Захотелось домой. К дочери. К привычным углам. Хотелось снова быть в движении, даже если не было сил.
Таксист был молчаливый, с глазами, опухшими от недосыпа. Он поглядывал на неё в зеркало, но ничего не спрашивал. Это было даже лучше. Лена не выдержала бы сочувствия.
Подъезд встретил её тем же запахом пыли и краски, облупившаяся плитка, сквозняк от плохо прикрытой двери. Всё — как прежде. Только внутри что-то сдвинулось.
Ключ вошёл в замок с трудом. Как будто давно не пользовались. Или слишком часто.
Дверь открылась — и запах ударил в лицо. Не её. Не знакомый. Чуть сладковатый, как от чужих духов и жареного лука. Пахло новым.
Лена вошла на цыпочках, будто в чужой дом. Сняла куртку, поставила сумку. Всё на месте. Но не так.
В прихожей на тумбочке — резинка для волос. Детская, с сердечками. Но Мариша такими не пользуется. Уже давно нет.
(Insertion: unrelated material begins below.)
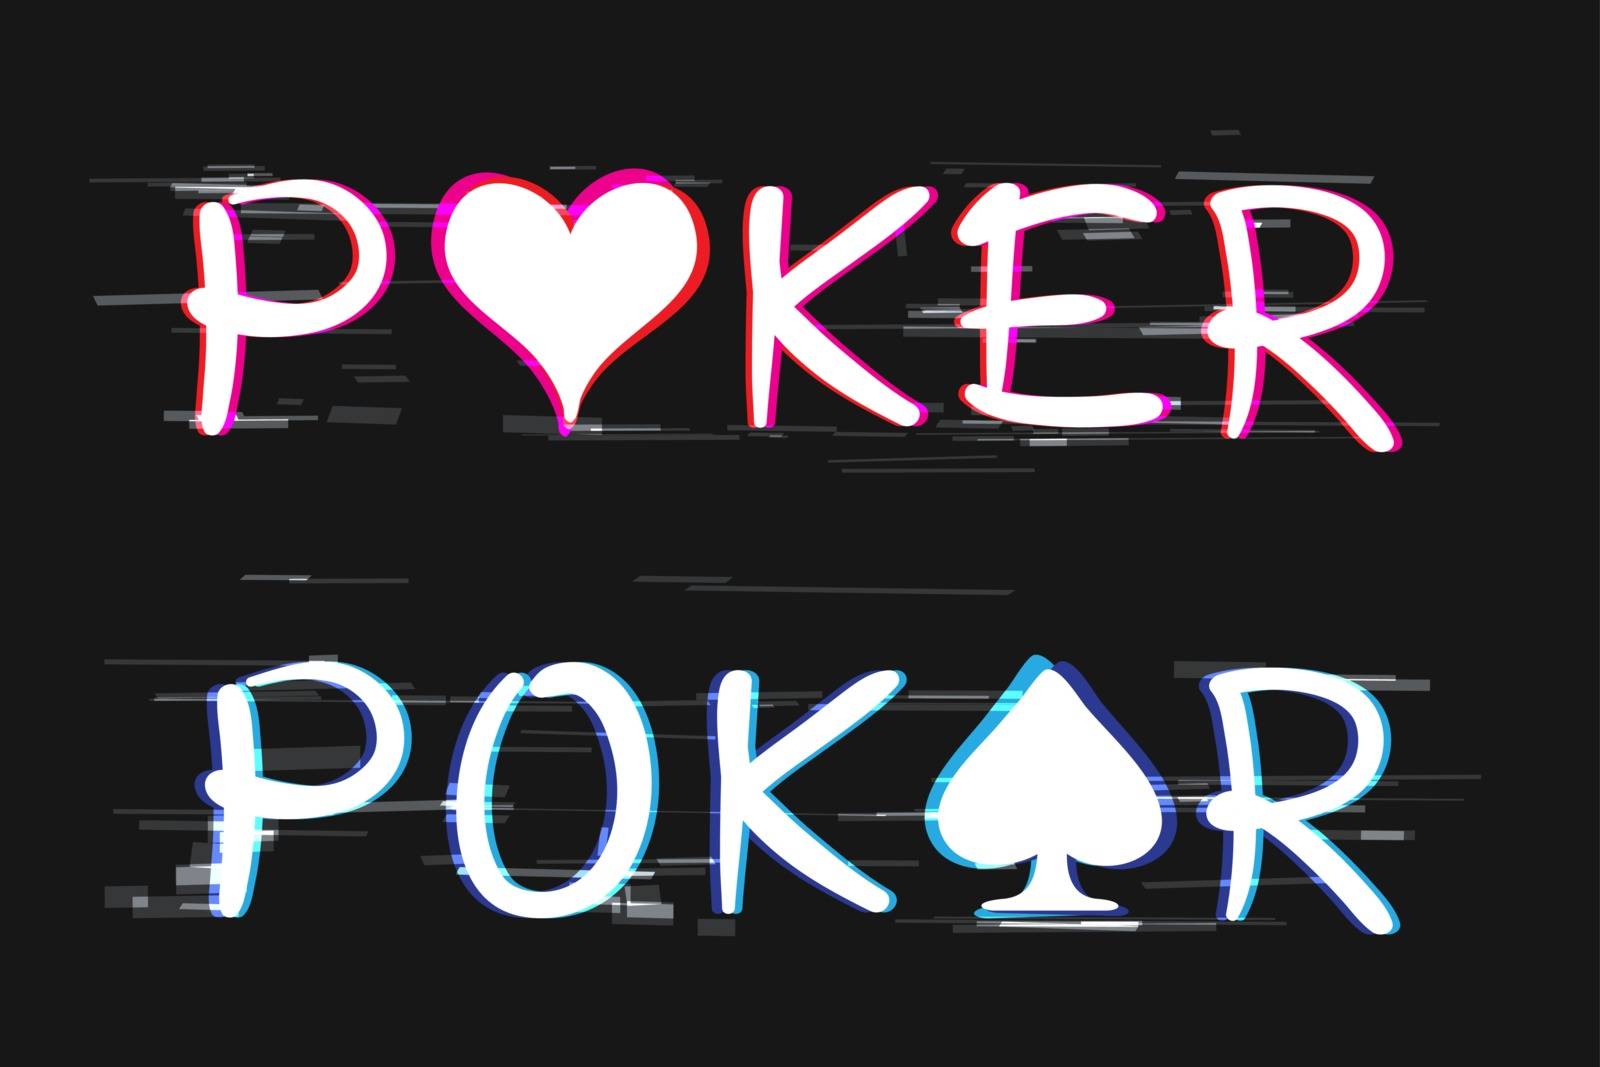 Glitch poker logo text on dark background. Playing casino poker sign symbol in black backdrop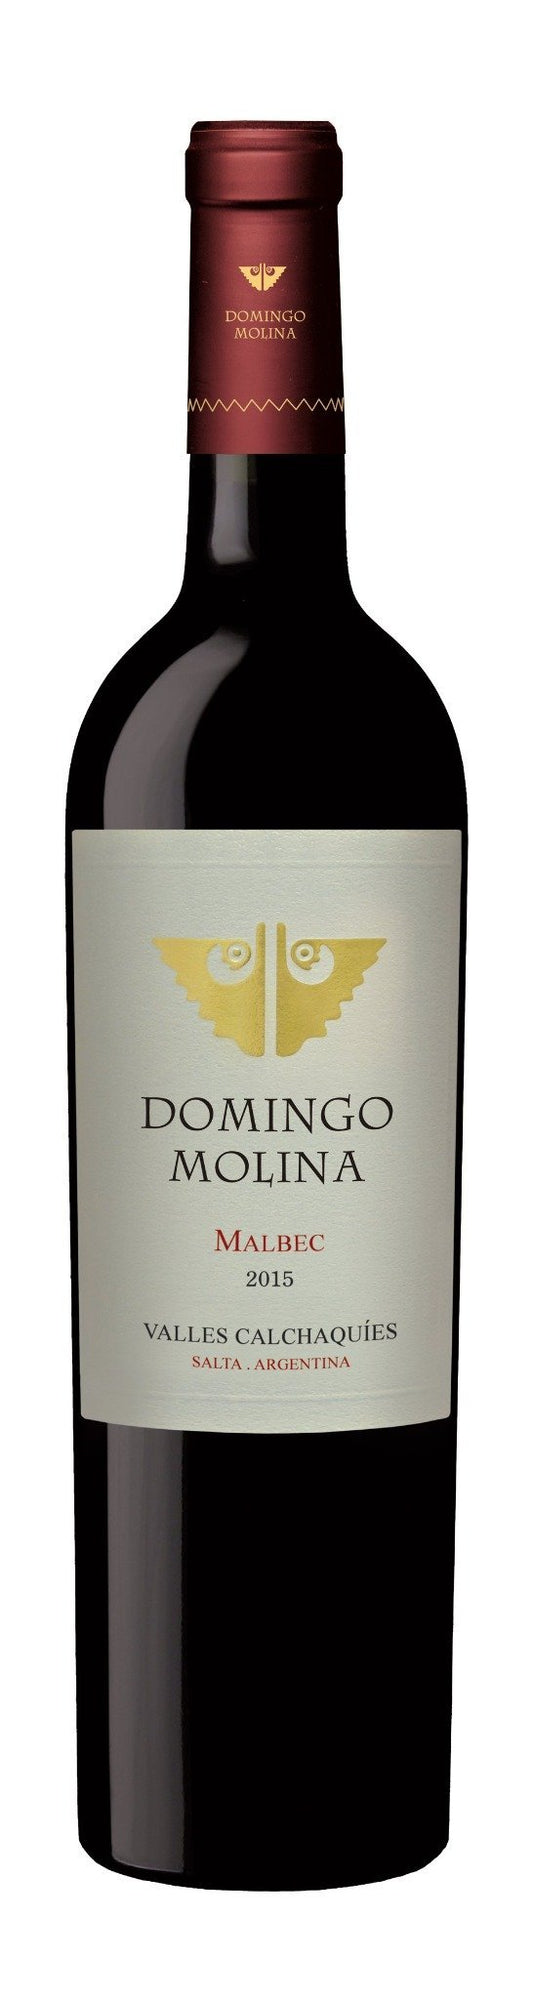 Domingo Molina  Malbec - Mi-bodeguita.com

На кухне — чисто. Слишком. Новая сковорода на крючке. Чайник без налёта. В холодильнике — контейнеры с надписью маркером: «овощной суп», «котлеты Лизе», «Марише — понедельник». Стоп.
Лена закрыла холодильник. Медленно. Вдохнула.
В спальне пахло лавандой. Постель — другая. Подушки — чужие. И на подоконнике чашка — с губным следом. Не её. Помада розовая. Лена не пользуется помадой вообще.
Она вошла в комнату дочери.
На стене — новый рисунок. Солнце, две фигуры, кошка и надпись: «Маша и мама Лиза».
Лена села на кровать. Ткани наволочки хрустнули. Смотрела на рисунок, будто на открытую рану.
Позвонила мужу. Он взял трубку почти сразу.
— Ты где? — спросила тихо.
— У мамы. С Маришей. А ты?..
— Ты же… через десять дней…
Но приехала не он. Через сорок минут позвонили в дверь. Свекровь. В плаще, с сумкой и мешком овощей. Как будто пришла просто передать картошку.
— Ты чего так? — Спросила без приветствия. — Без звонка, без всего.
Свекровь закусила губу, но промолчала.
— Они у Лизы. Мариша спит. Мы не стали будить.
Пауза. Свекровь опустила глаза.
— Женщина. Она помогает. Очень хорошая. Марише с ней спокойно. Она…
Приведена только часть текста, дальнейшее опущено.